Top of Given information

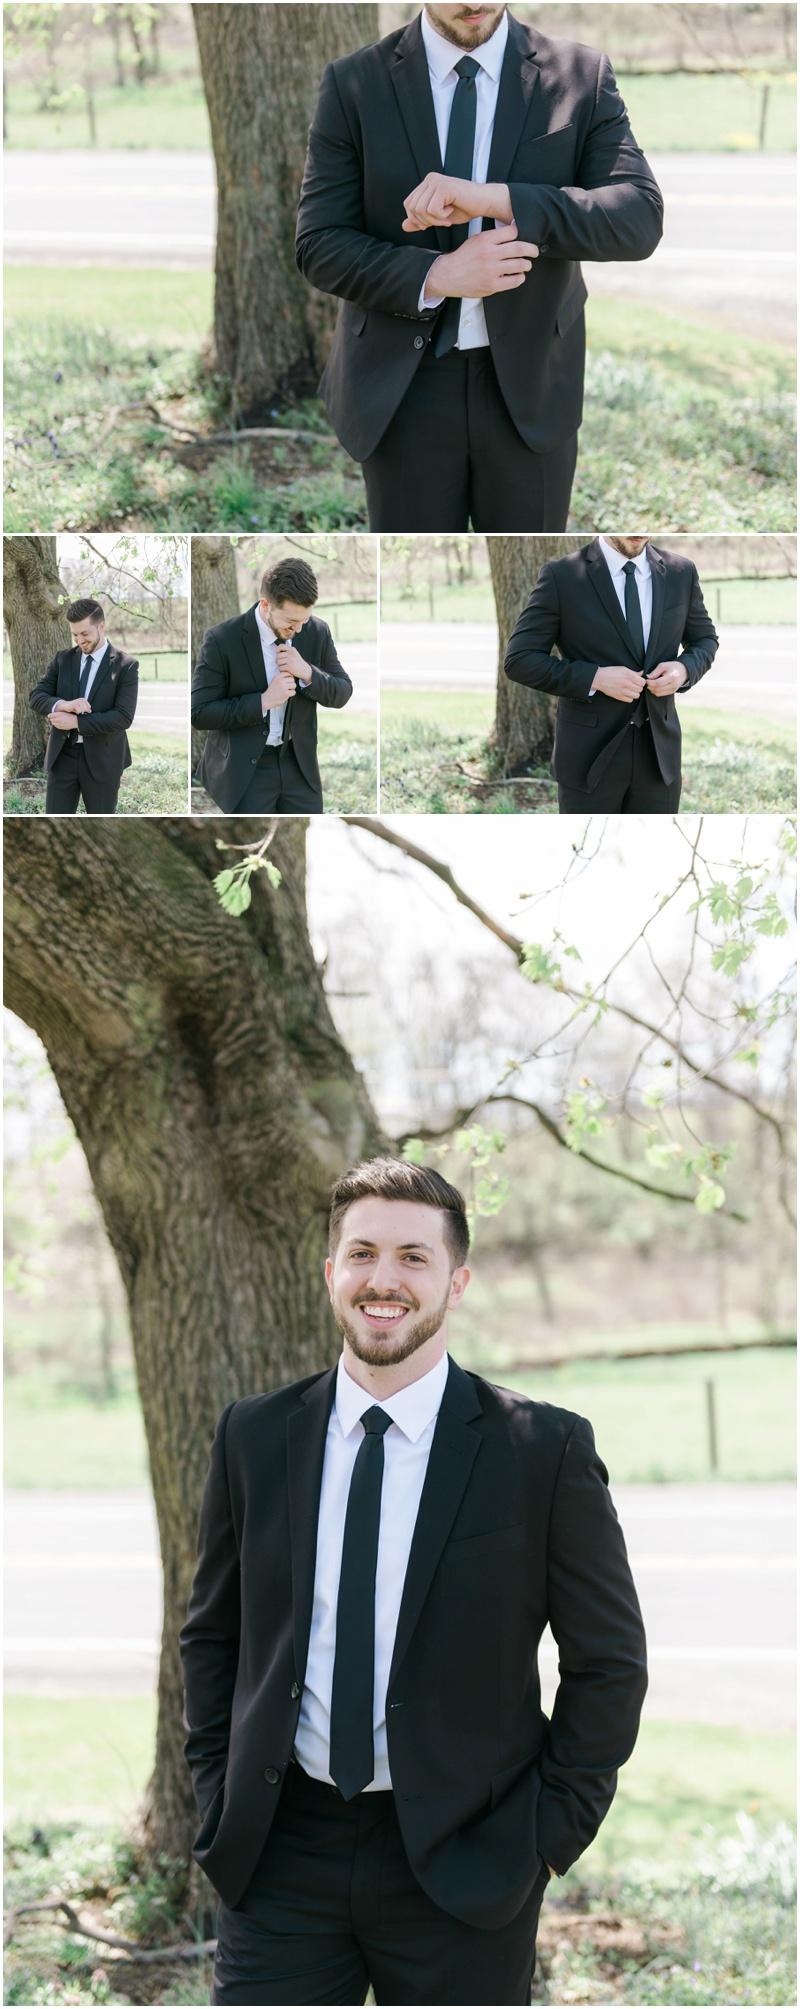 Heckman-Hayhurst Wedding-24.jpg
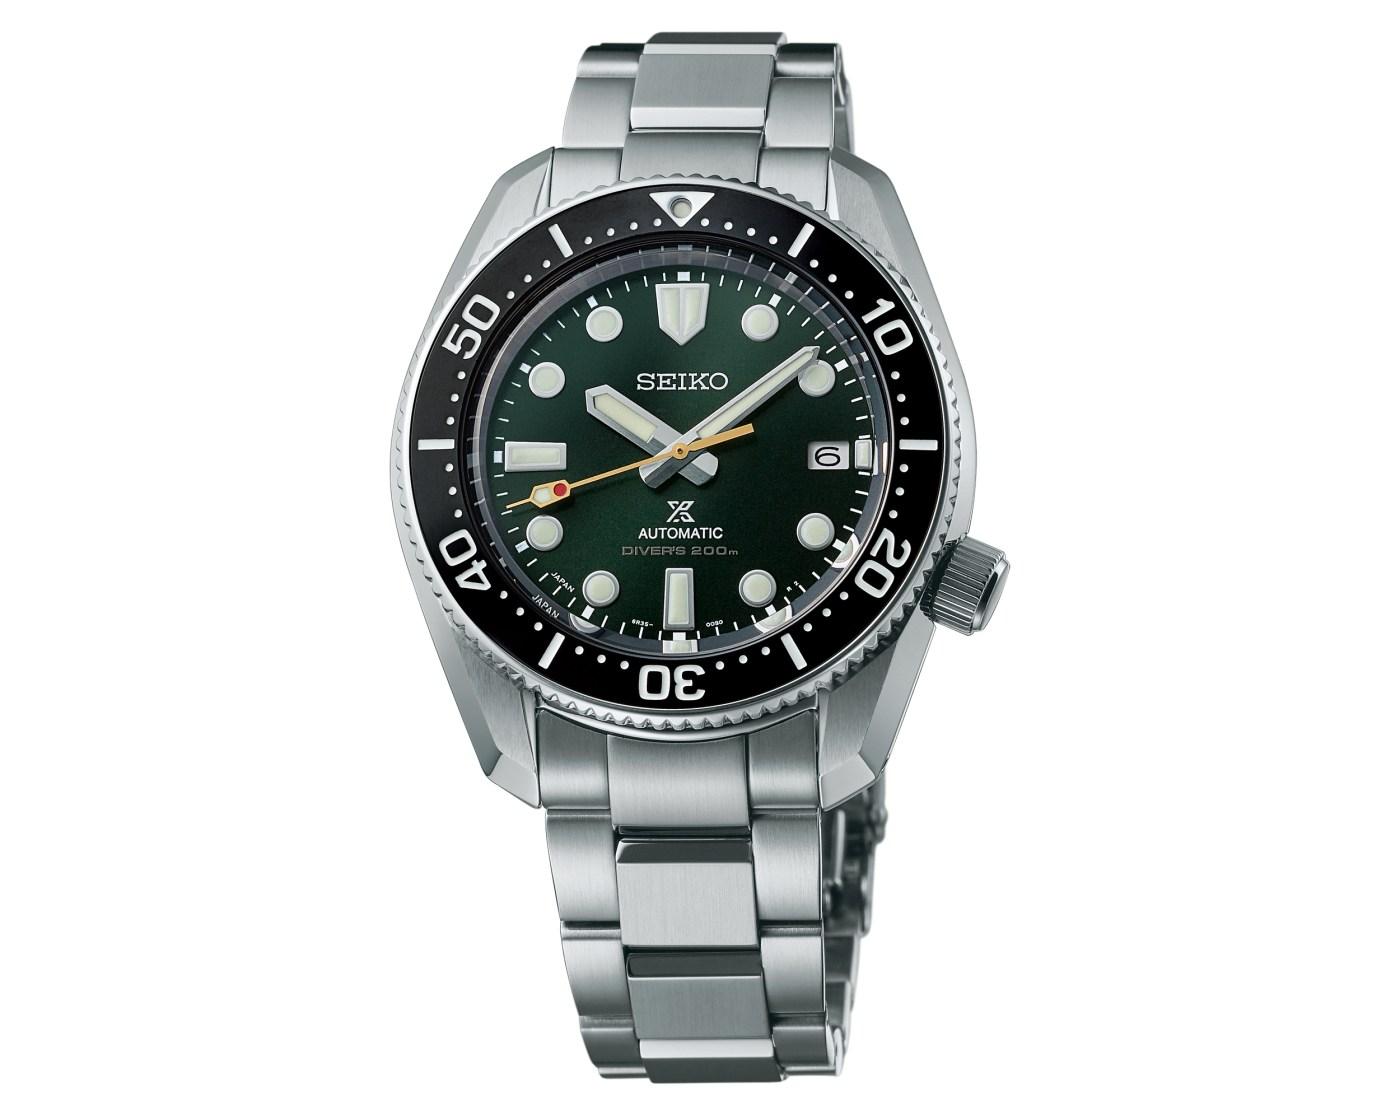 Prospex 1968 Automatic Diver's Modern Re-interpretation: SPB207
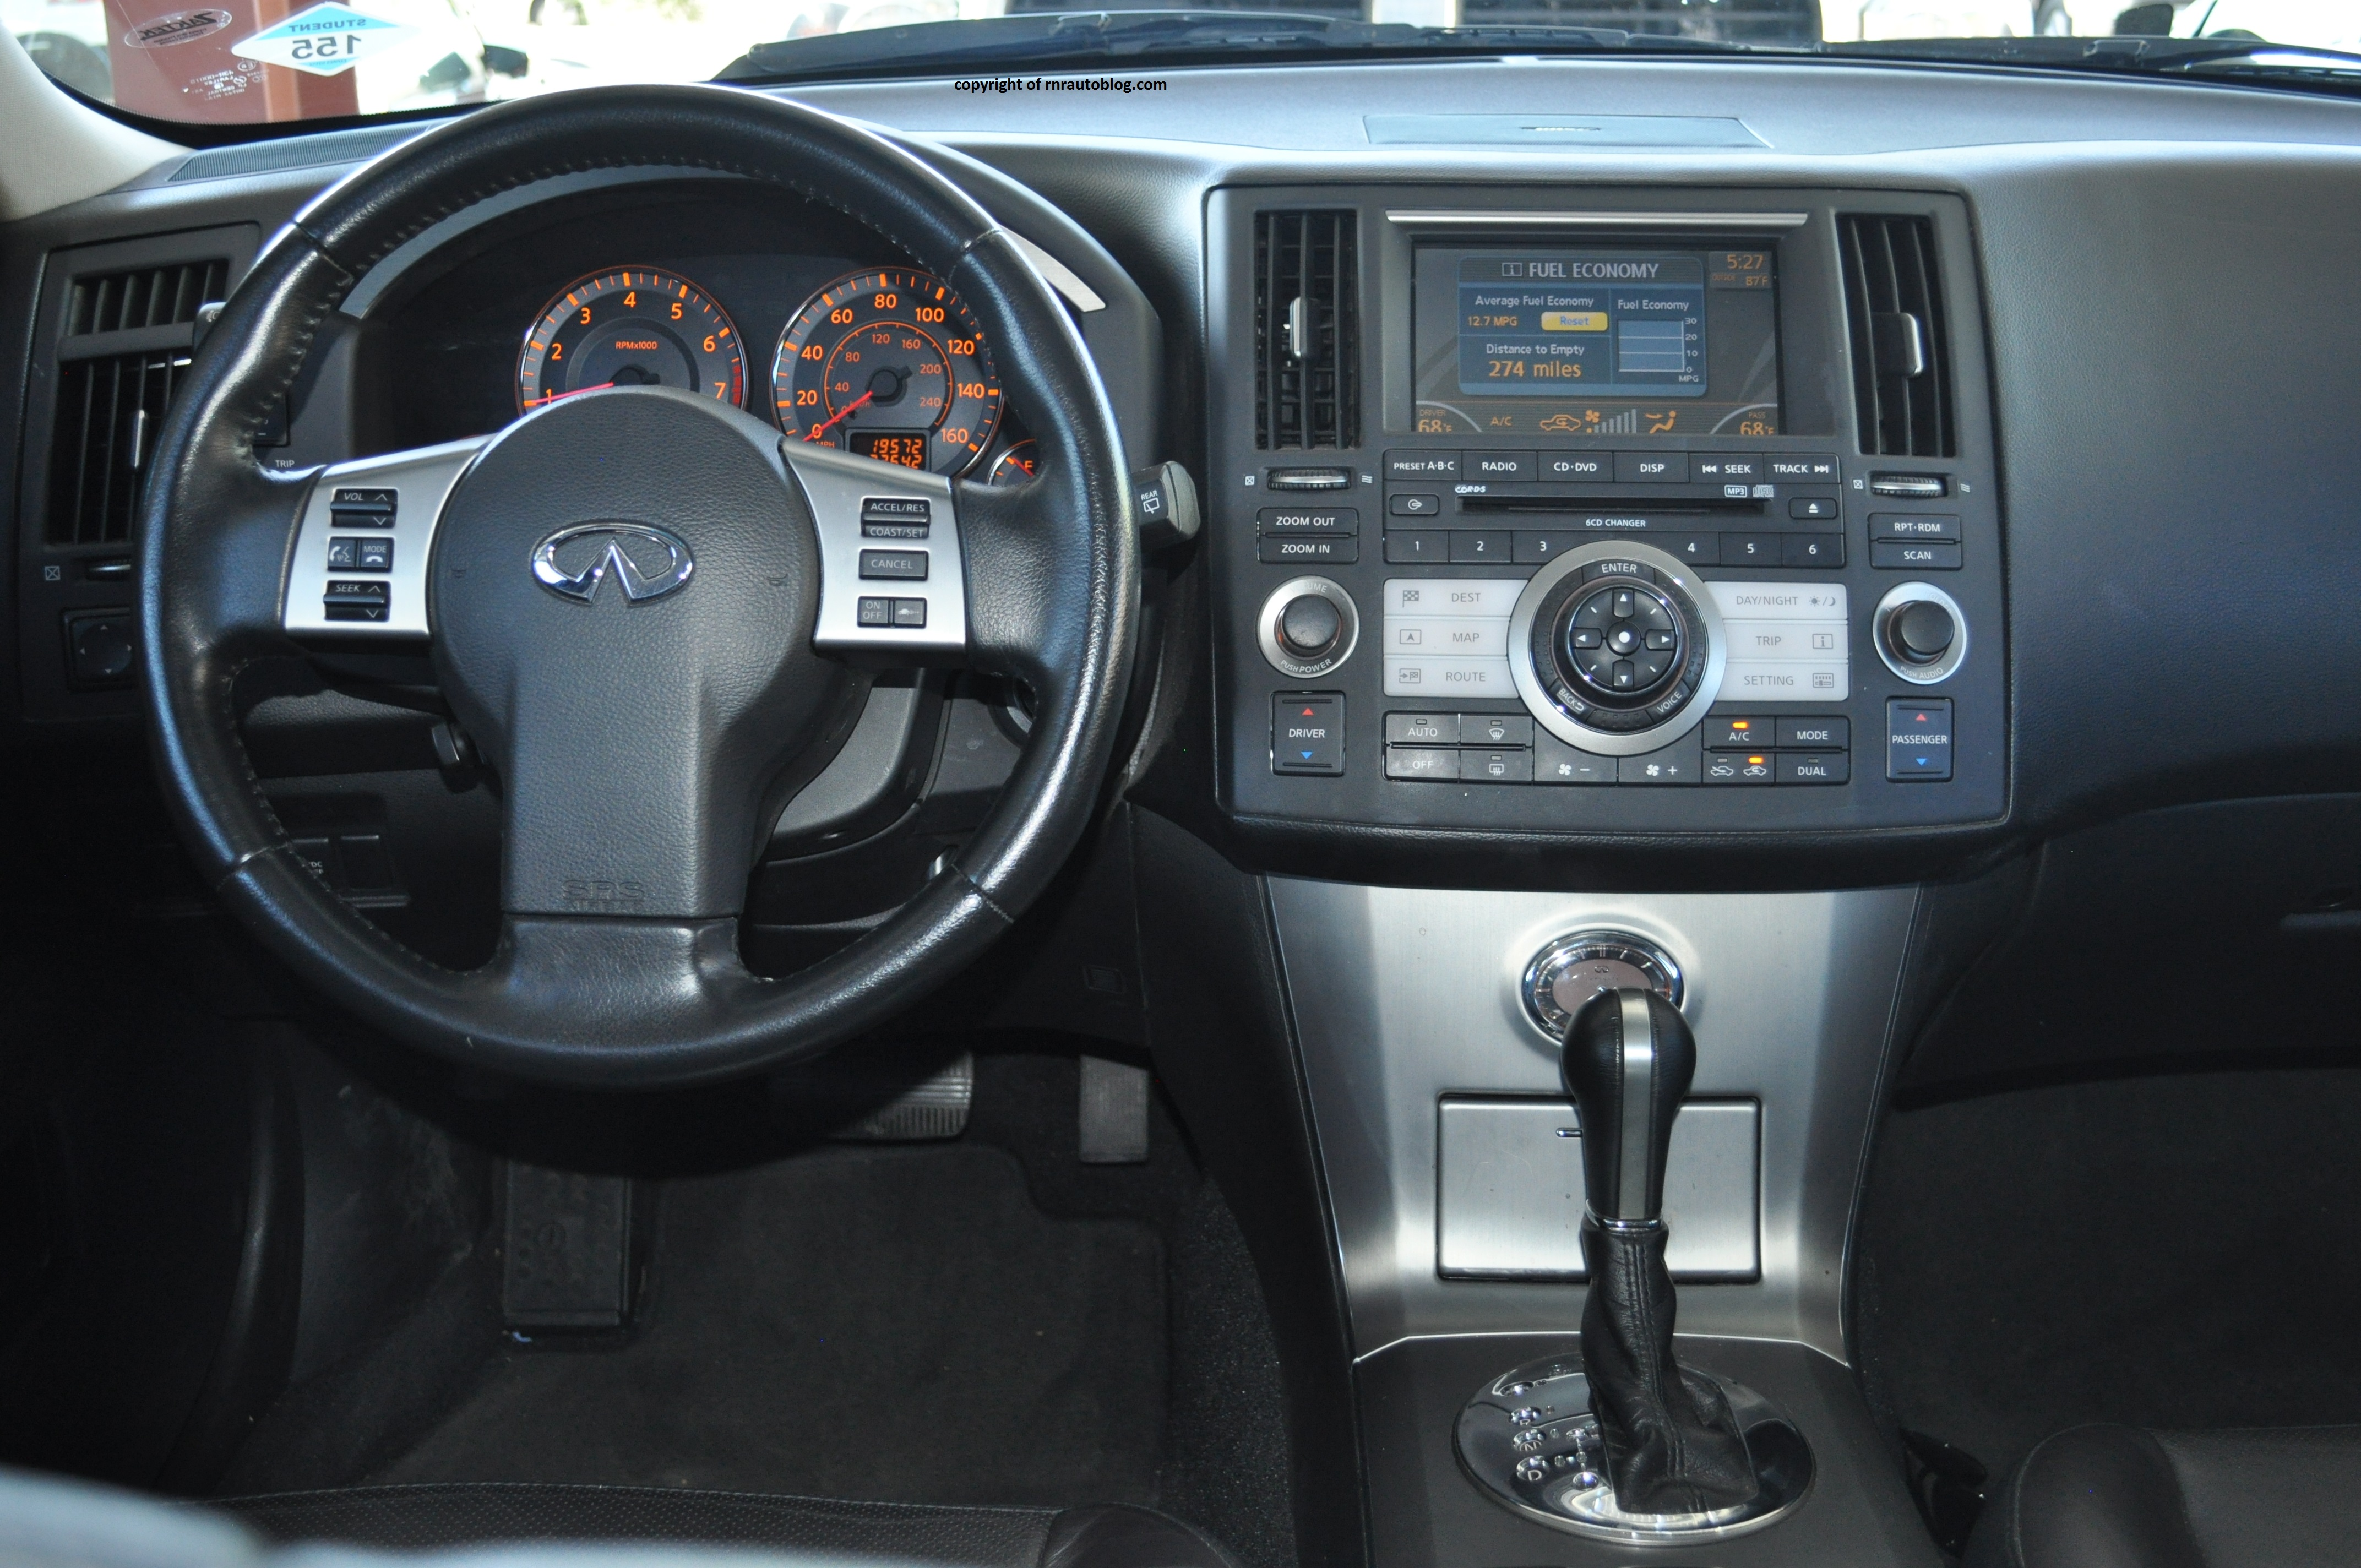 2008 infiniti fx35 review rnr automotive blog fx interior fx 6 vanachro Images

Bottom of Given information

Print nothing except the lines from the one with "Prospex 1968 Automatic" through the last line of the listing, exactly as written and with pictures removed.

 Prospex 1968 Automatic Diver's Modern Re-interpretation: SPB207
 2008 infiniti fx35 review rnr automotive blog fx interior fx 6 vanachro Images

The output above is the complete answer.